The teaching staff was provided once again by the Sisters of St. Benedict from Duluth.  Sister M. Hyacinthe, O.S.B. was principal for the first year but was replaced by Sister Aquina due to failing health.  Sister Josepha replaced her and remained until 1918.  Sister Josepha first began the high school department, which for a few years consisted of only a two-year course.

1918-1952
At that time, a high school education was difficult for many students because it was deemed not as necessary.  That is why many students left school after eighth grade and worked on the home farm full-time.

Members of the first eighth grade graduating class of 1913 were Marie Bowes, Ralph Carney, Rosella Carney, Amelia Crystal, Francis Driscoll, Alveretta Enright, Edward Enright, Bernard Kelly, Edward Ketter, Josephine Kingman, Marie LaBarge, Adorine McCoy, Franham Murphy, Genevieve Murphy, Cecelia O’Leary, Irene Powers, Frank Sullivan, Willard Sullivan and Frank Wurzbacher.  The class colors were old-rose and silver gray, and motto was “Ever Upward and Onward”.

It is noted in the 1937 Reunion Book that “having sisters as teachers was a novelty.  Having recess was another–[students] departed in all directions, and returned as it occurred to them to do so.  Recess was discontinued, and the new pupils [were] instructed in 1913 [on the] rules of etiquette, with such good effect that 19 still living are among Uncle Sam’s most law-abiding citizens.”

In 1919, the direction and staffing of the schools was taken over by the Sisters of St.
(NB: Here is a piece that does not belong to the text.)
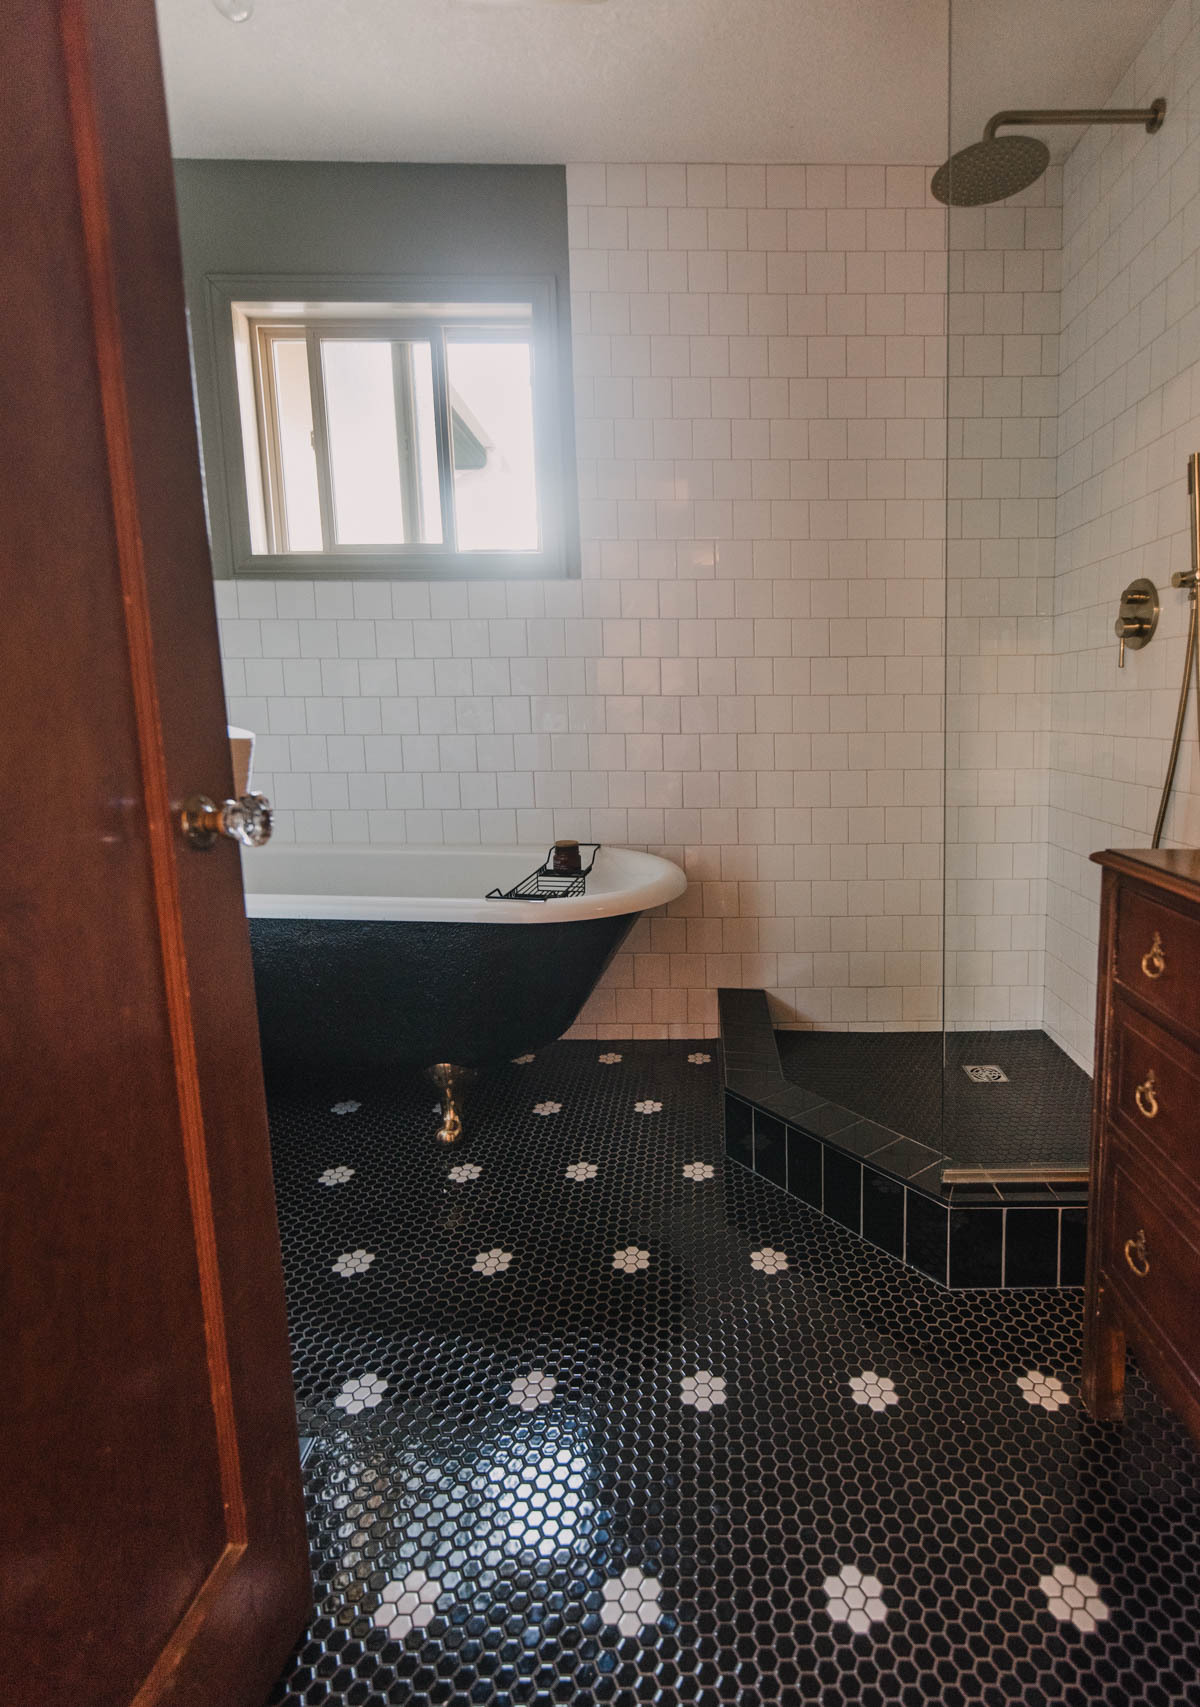 Classic bathroom renovation with clawfoot tub, wood vanity and black and white tile
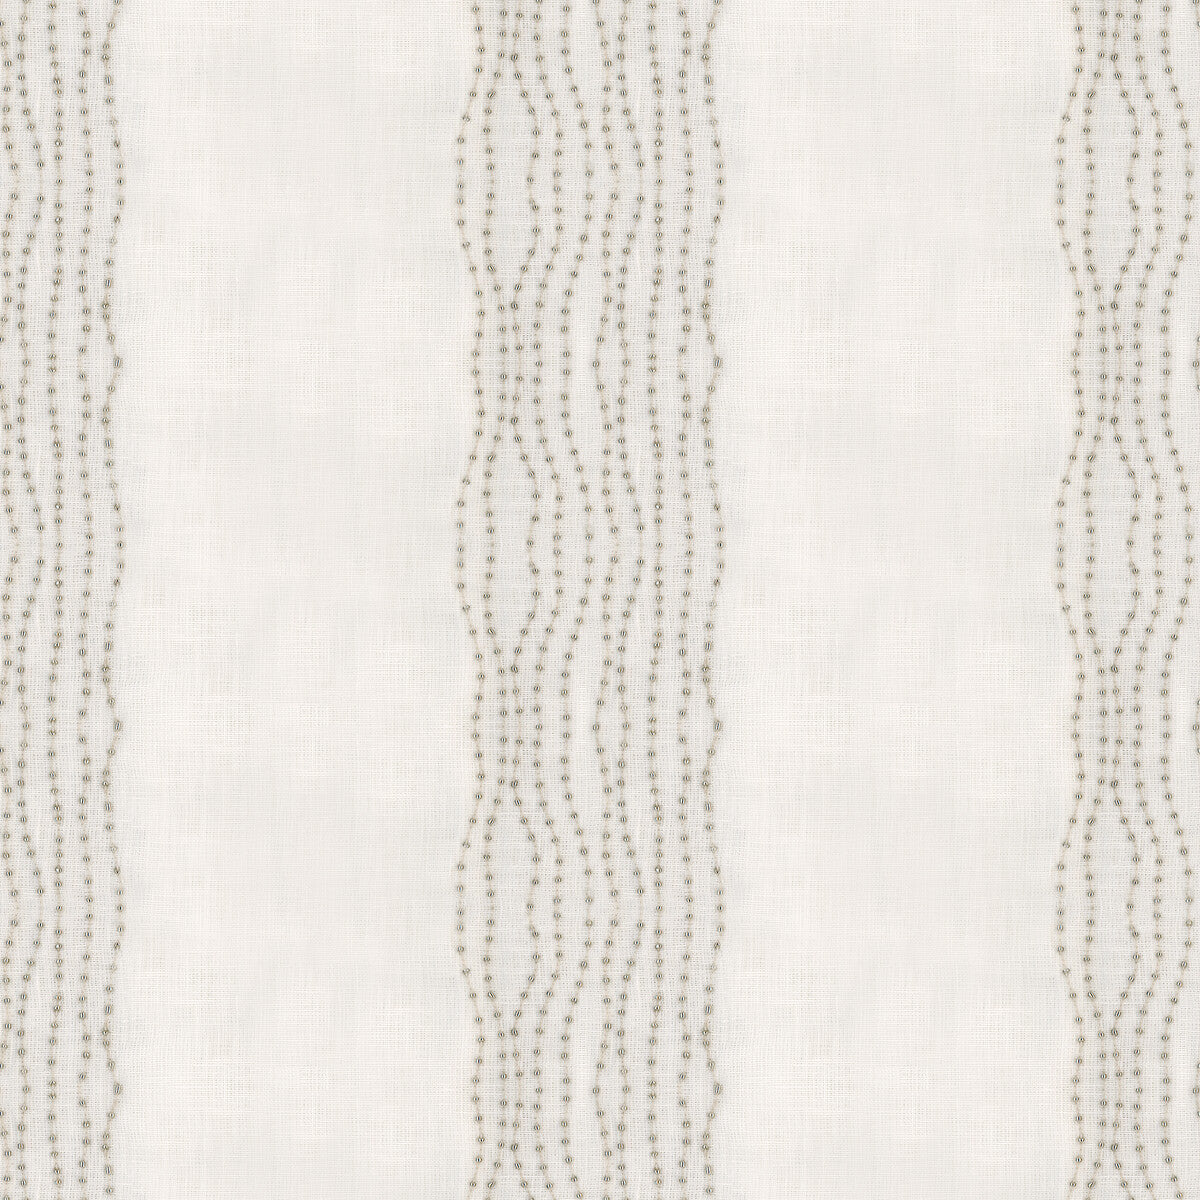 Songket fabric in lucite color - pattern 32450.101.0 - by Kravet Couture in the Calvin Klein Home collection

Benedict of Crookston, a new mother house formed from the Benedictines of Duluth.  That year, Sacred Heart organized its first freshman class.  A new grade was added each year until 1923, when the first senior class of six students graduated from the high school.
Those first graduates of the high school division were Lawrence Butler, Michael Harrick, Alice McCoy, Leona O’Neil, Roland Roberts and Louis Sullivan.  Their class flower was the American beauty rose, colors were blue and burnt orange, and the motto was “Build for Character, Not for Fame.”

Leona O’Neil was valedictorian of the class.  Other members of the class who did not finish high school due to work obligations, religious commitments and other reasons were Frederick Borchers, Madonna Carney, Jerome Enright, Veronica Kane, Lillian Keller, Laura Kelly, Josephine Lickteig, Gertrude Powers, Albert Roberts, Aileen Sullivan, Vincent Sullivan and Elizabeth DeGagne.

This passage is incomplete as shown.